Die Waffe war schwer wie Blei geworden, er konnte sie nur in Zeitlupe heben und seine Hände zitterten, durchnässt von kaltem Schweiß. Er wollte noch eine Warnung aussprechen, die Aufforderung nicht näher zu kommen, oder er würde schießen, doch der Anblick ausgekugelter Gelenke und gebrochener Knochen, die sich entgegen jeder Physiologie auf ihn zubewegten ließ die Idee, an dieses Ungeheuer zu appellieren geradezu lächerlich erscheinen. Er feuerte, ein Schuss riss Tonis Wange entzwei, andere schlugen in seine deformierten Glieder ein, doch sie blieben wirkungslos, zerstörten das Fleisch, aber nicht den unbändigen Willen, der es bewegte. Mike stand jetzt mit dem Rücken gegen die Eingangstür und musste den Impuls unterdrücken diese einfach aufzureißen, loszulaufen, auf die Straße, fort in die Nacht, wo er diese Scheußlichkeit nicht mehr sehen musste.Wo er wieder glauben durfte, dass etwas derartiges nicht existieren kann, dass es vielleicht einen Ali gab, der ihn mit seinen Klauen erwürgen wollte, der sich aber von einer Kugel in den Kopf stoppen ließ. Das hier war etwas anderes, ein Bruch der Regeln, ein Verstoß gegen alles, was sein durfte. Seine Kehle brannte bei der Erinnerung, wie von unsichtbaren Händen zugeschnürt und Alis Stimme dröhnte in seinem Kopf, der Kampfschrei einer Bestie, ganz anderes als das Gebrüll reinen Zorns aus dem dunklen Raum. Er meinte sogar ein verschwommenes Trugbild Alis zu sehen, hinter dem kriechenden Etwas aufragend, der reale Schrecken hinter dem surrealen. Paradoxerweise verschwand damit seine Angst, die Panik wich aus seinen Gleidern und Mike wurde klar, dass ihn diese traurigen, verendeten Finger nicht erwürgen konnten, dass alles nur eine Täuschung Cavellis war, ein Versuch ihn zu verscheuchen.

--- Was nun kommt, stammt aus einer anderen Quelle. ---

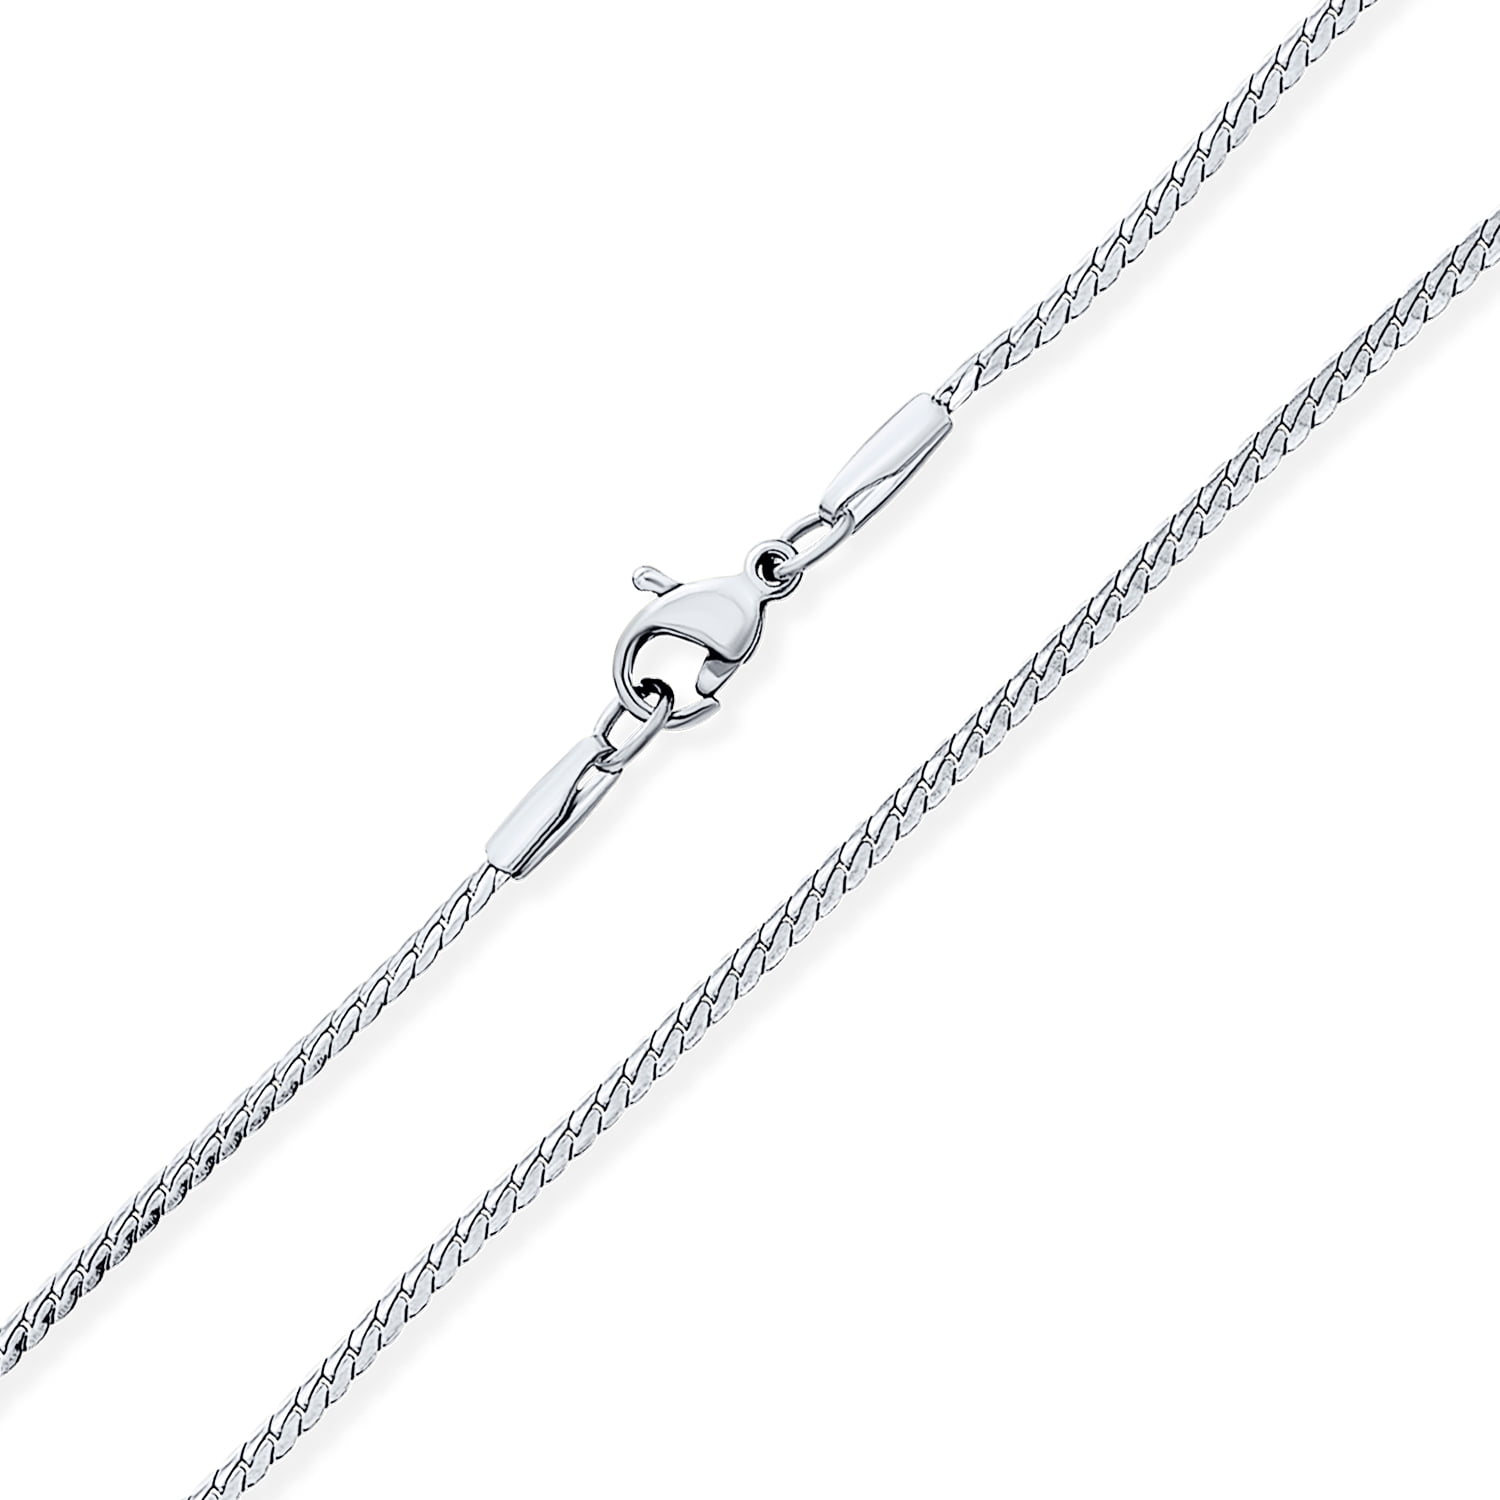 Flat Gold Chain Mens Snake Chain Necklace Silver Snake Chain

Er betrachtete die Blutspur der Kreatur auf dem Boden, wie sie einen sichtbaren Bogen um das Kabel machte, ihm bewusst ausgewichen war. Und plötzlich begriff er, verstand alles, nicht auf einer rationalen Ebene, nicht durch Logik, sondern intuitiv, getrieben von einem Gefühl, einer inneren Stimme, die ihm sagte was zu tun war. Die sich nicht vor untoten Kreaturen fürchtete, weil für sie die physikalische Unmöglichkeit keine Rolle spielte, für die das schwarze Zimmer und das Telefon keine surrealen Stücke eines verborgenen Puzzles waren. Er fragte sich, ob diese Stimme schon immer zu ihm gesprochen hatte und er erst jetzt anfing zuzuhören, aber er kam zu keiner Antwort. Die Zeit für Fragen und Zweifel war vorbei. Schon ein ganzes Leben lang.
Mike stürmte vorwärts, stieß die kriechende Kreatur, die einmal Toni gewesen war beiseite, mit lächerlicher Leichtigkeit, die seine Angst von vor ein paar Sekunden albern aussehen ließ, und ergriff das Kabel, das in dem Zimmer verschwand.

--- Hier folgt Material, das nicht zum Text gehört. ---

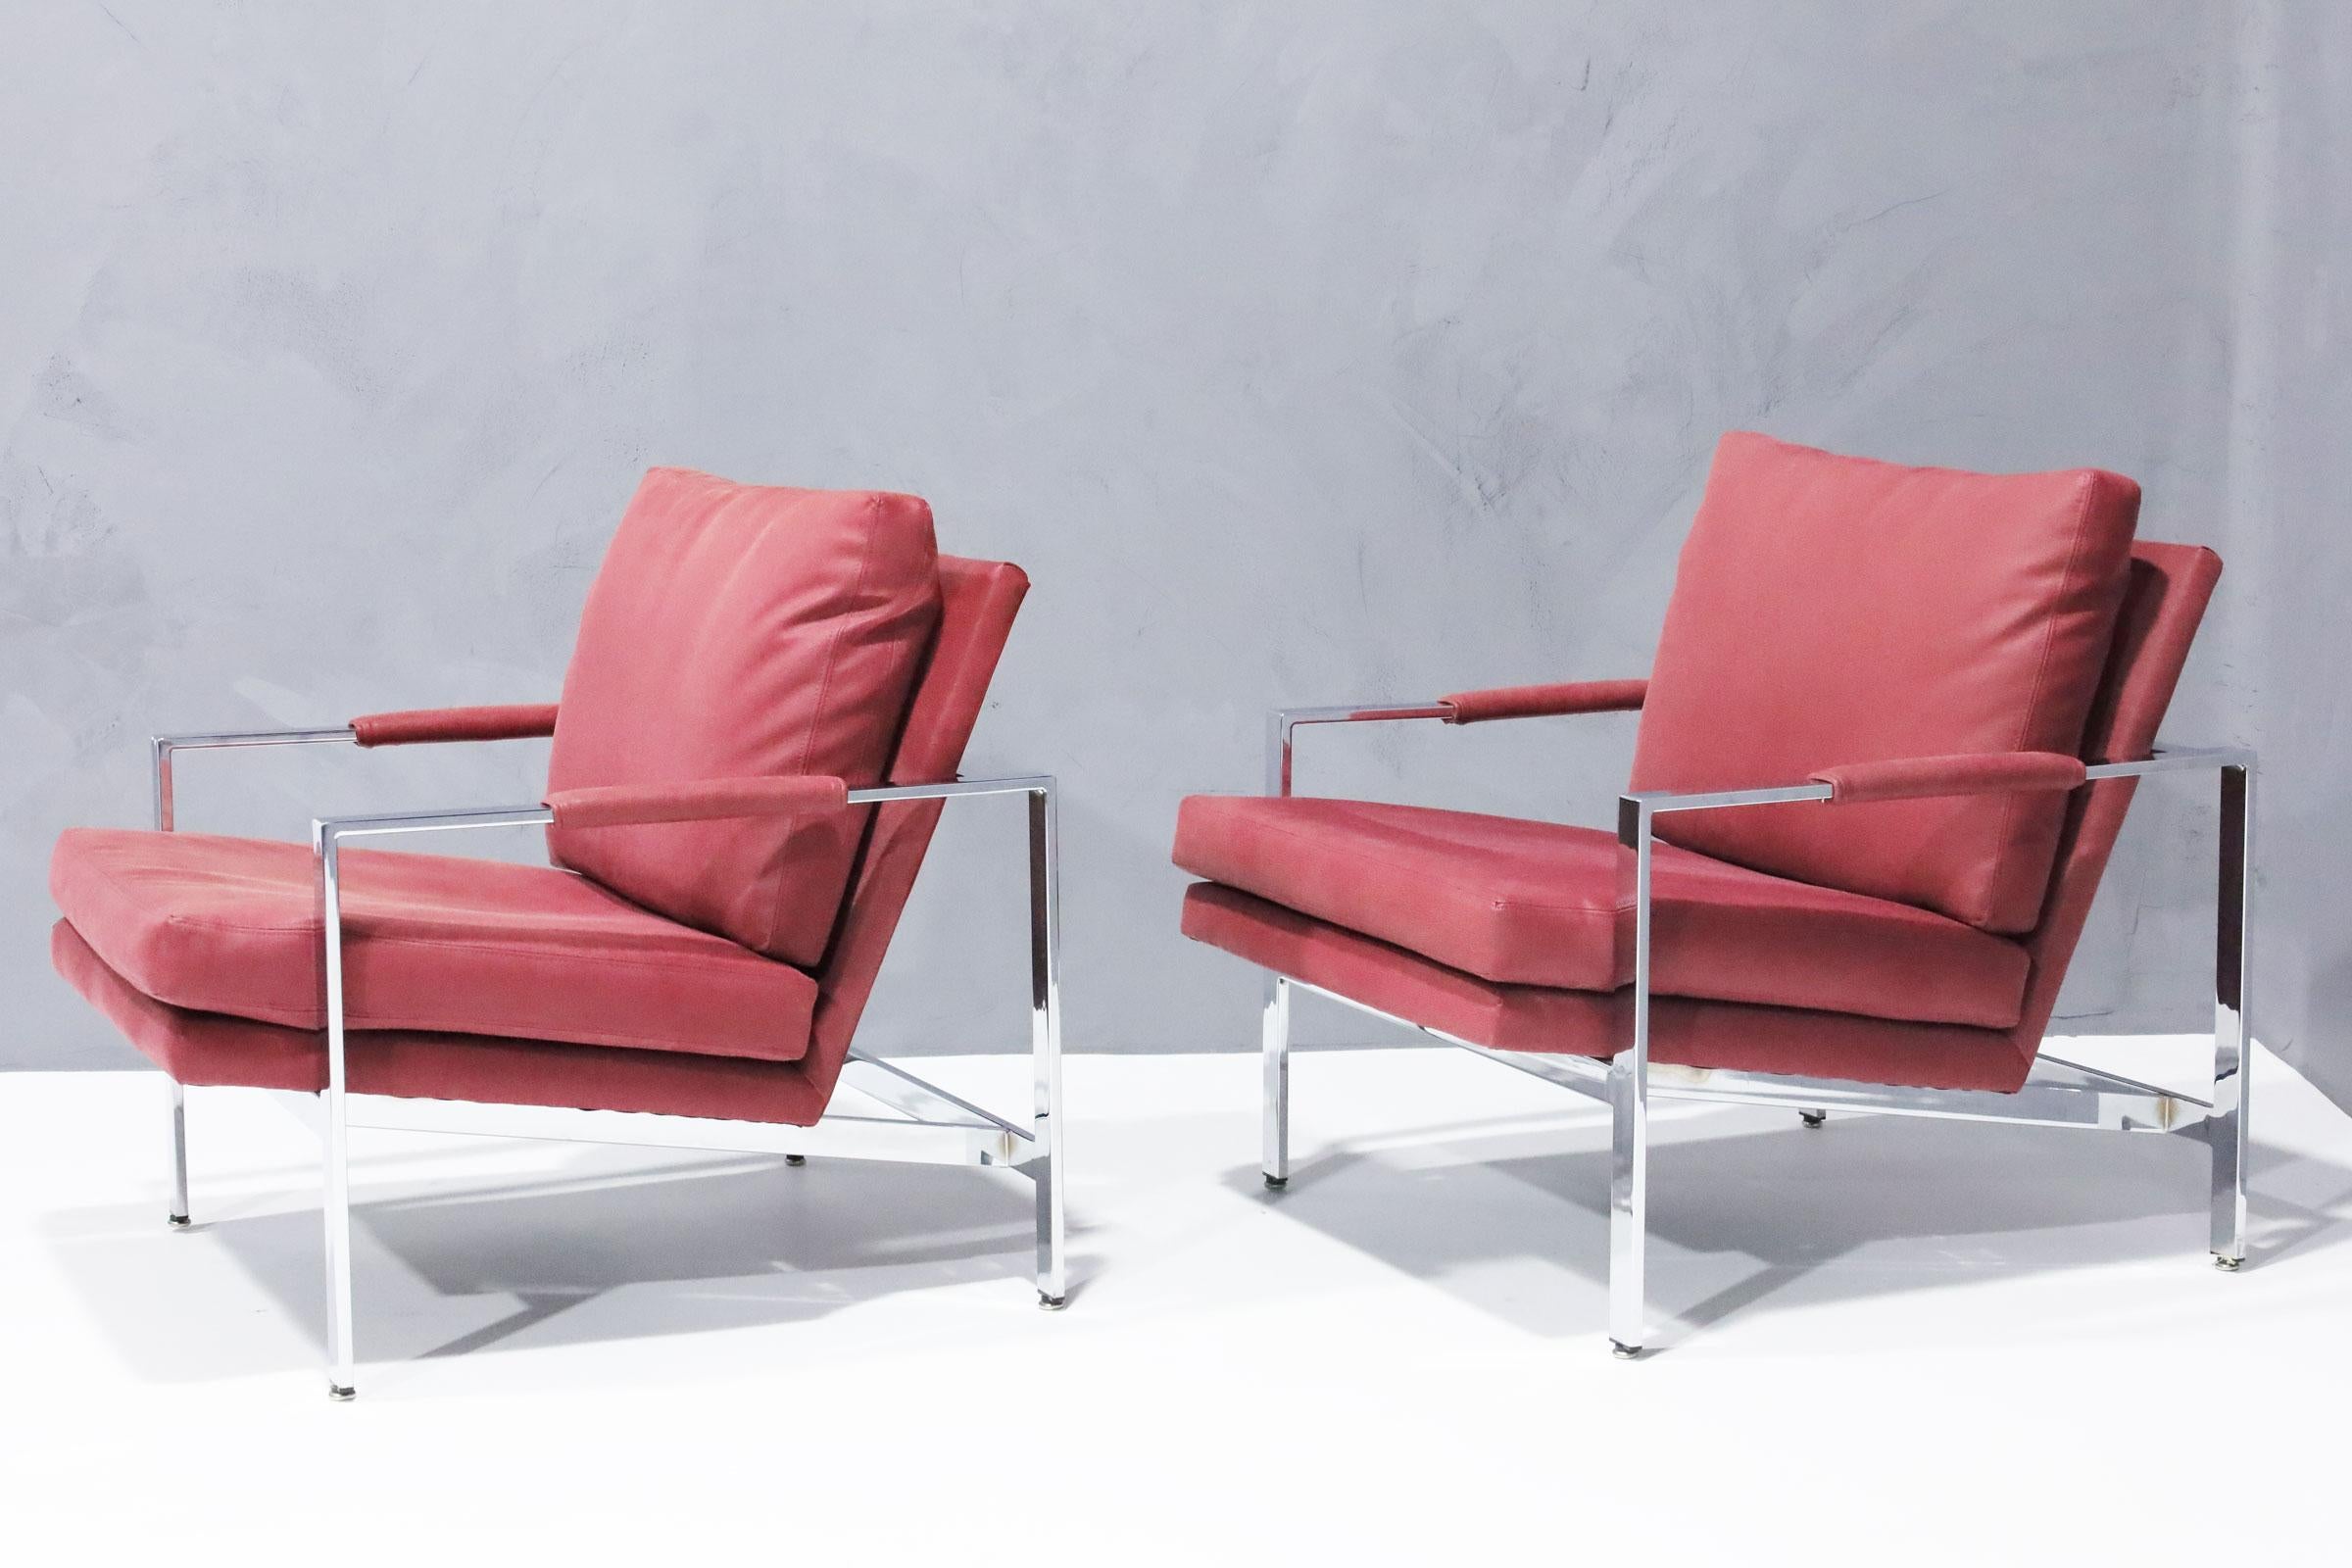 Milo Baughman Chrome Frame Lounge Chairs in Dusty Rose Faux Suede/Leather In Good Condition For Sale In Dallas, TX

Ein grausiger Schrei drang aus der Dunkelheit, keine Stimme mehr, keine Worte, nur noch laut gewordene Wut. Aber nicht nur Wut, Mike kam es eher wie ein Angstschrei vor. Er riß an dem Telefonkabel, zog es aus der stofflichen Finsternis, die als unsichtbarer Rückstand daran haften blieb und in kalten Schlieren seine Finger benetzte.
»Nein! Tu das nicht Mike, das darfst du nicht.«, sagte Cavelli, »Bitte, ich bin so kurz davor.«
Meter um Meter holte er aus dem Raum, mit wachsendem Eifer, angetrieben von Cavellis erbärmlichem Flehen.
»Bitte Mike, ich kann dir Geld geben, soviel du willst, bitte lass mich wenigstens zurück, bitte lass mich nicht in...« Dann brach die Stimme ab.
Am Ende des Kabels hing ein Anrufbeantworter, eine unförmiges altes Ding mit Tonband und dicken, abgenutzten Knöpfen, dass er ruckartig über den Fußboden schleifte. Mike betrachtete das Gerät verwundert, ein zufriedenes Lächeln im Gesicht. Dann drückte er den Abspielknopf.
Es sprach eine weibliche Stimme, leise, ein wenig heiser, wie am morgen, gleich nach dem Aufstehen. »Danke«, sagte sie.